I want to build a 40 in by 40 in Table Top but not out of plywood. So I figured my best possible bet will be to build a table top using multiple boards next to each other. I plan to use a frame and panel design, where I slide the boards next to each other. I have not worked out the details yet because I am not sure how I should do this.

So here are my options when placing the boards next to each other:
1. Use a dovetail edge joint along the sides to connect the boards into one.
2. Use a splined edge joint along the sides to connect the boards into one
3. Don't connect the boards into one and use the frame to hold the boards together.

If you have better suggestions I'd consider them.

I'm looking for suggestions and problems with the design. The table top is used for a general table that I will be working on, eating on, drinking beer on. Because there are drinks on the table I expect spill and things like that. My main concern is how to deal with the spills and if they will damage the integrity of the top over time. Especially getting between the cracks.

I have not thought exactly on how I will connect the frame to the panel, but I was thinking of using 4 roughly 10 in x 40 in boards laid side to side to make the 40 in x 40 in table top (of course not taking into consideration sizes for the frame).


----------



## sbryan55 (Dec 8, 2007)

Ray, you may be trying to over complicate the construction of the top, in my opinion. If I were doing a top like this I would simply joint and edge glue the boards. Gluing long grain boards in this fashion produces a joint that is stronger than the wood itself. But if you want a reinforced joint then going with a , spline and groove would be the best proposal of the three that you have listed.

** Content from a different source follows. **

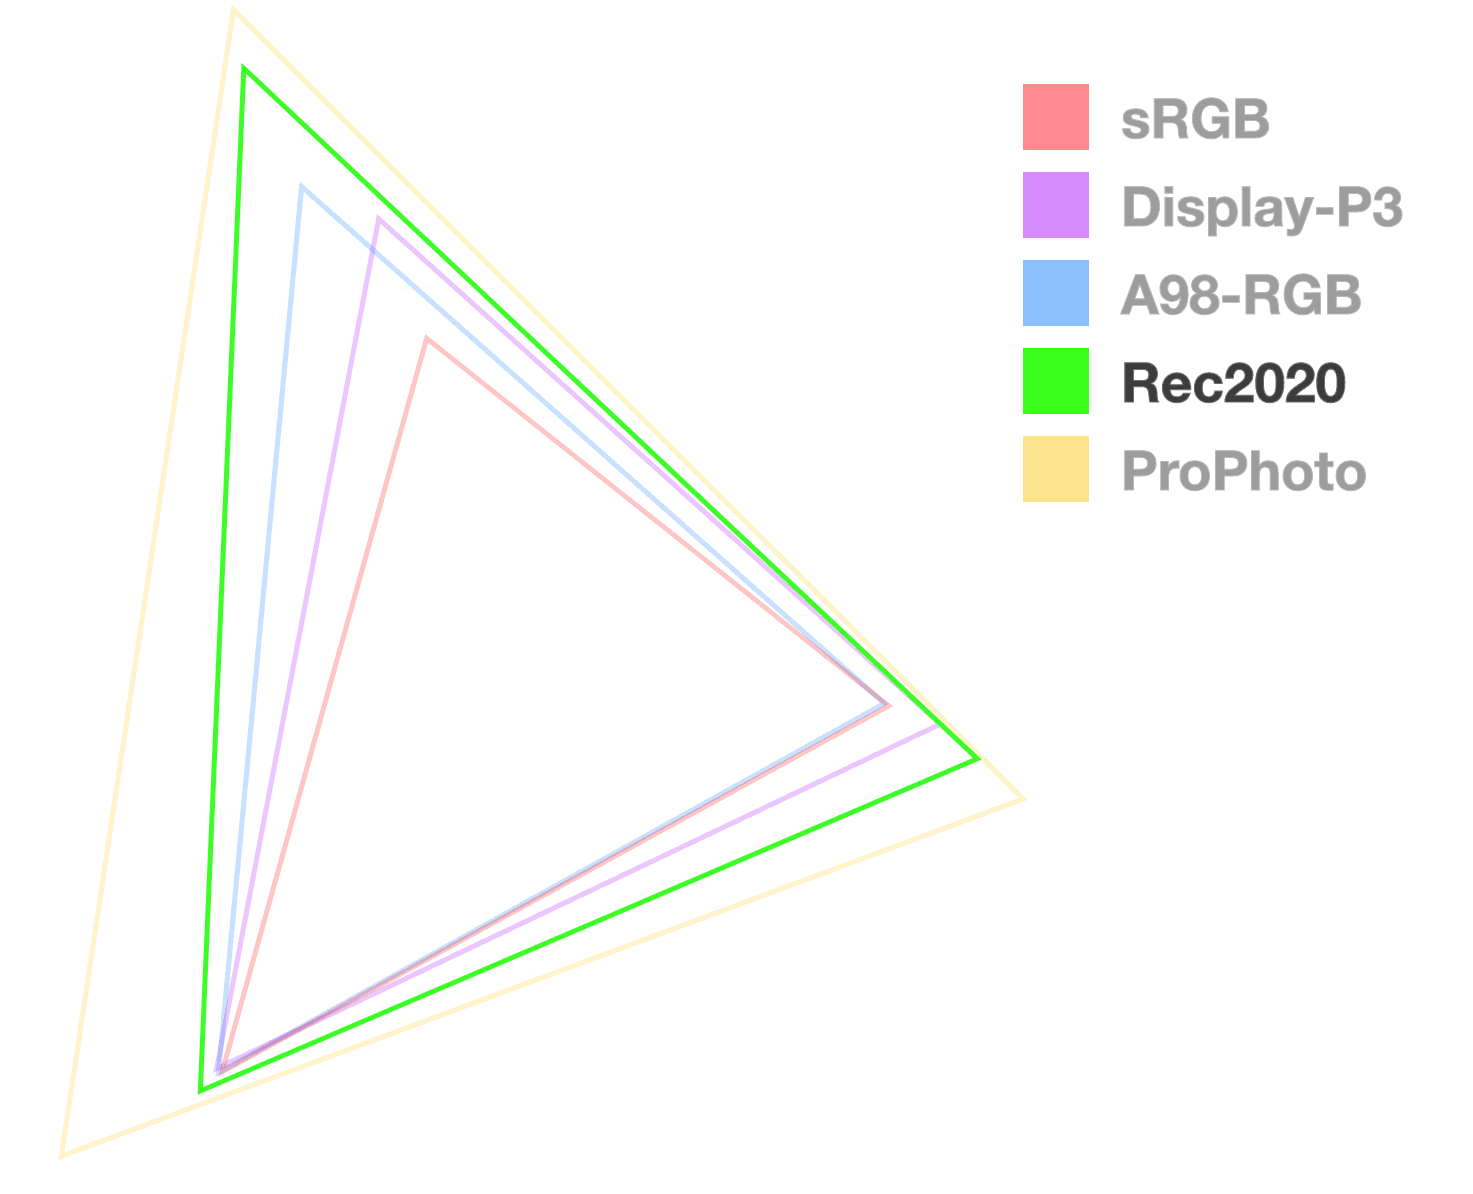 El triángulo Rec2020 es el único completamente opaco, por lo que ayuda a visualizar el tamaño de la gama. Parece el 2o lugar desde el más grande.

And you can certainly create a frame and panel of this size without any problem but the panel will need to float in the frame to allow for the panel's expansion/contraction.

Here is a cabinet that I built for our laundry room. The top of the cabinet measures 30" x 42" and it was produced simply by edge gluing the individual boards.

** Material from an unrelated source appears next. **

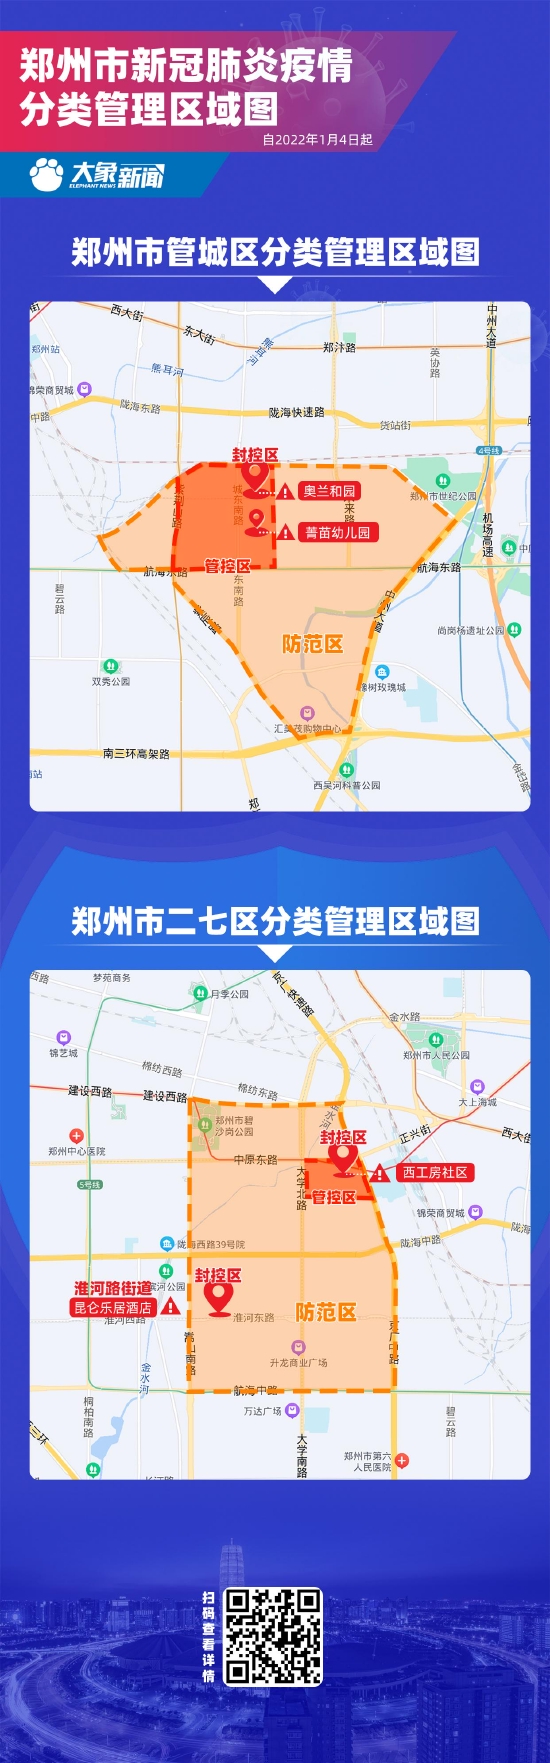 图解|郑州市新冠肺炎疫情分类管理区域

One thing I would change if I were doing a counter top of the size you are wanting is to rip the individual boards to 6" or less in width to minimize potential cupping down the road.


----------



## opalko (Feb 2, 2010)

Did you ever decide how to build the top you were considering? I am looking at a similar frame & panel top and am curious how others have done it.


----------



## Loren (May 30, 2008)

I'm sitting at a table with a frame and panel top right now - and
it's at least 120 years old and holding up well, though in need of
some re-gluing.

Each panel has a cock-bead around the edges.


----------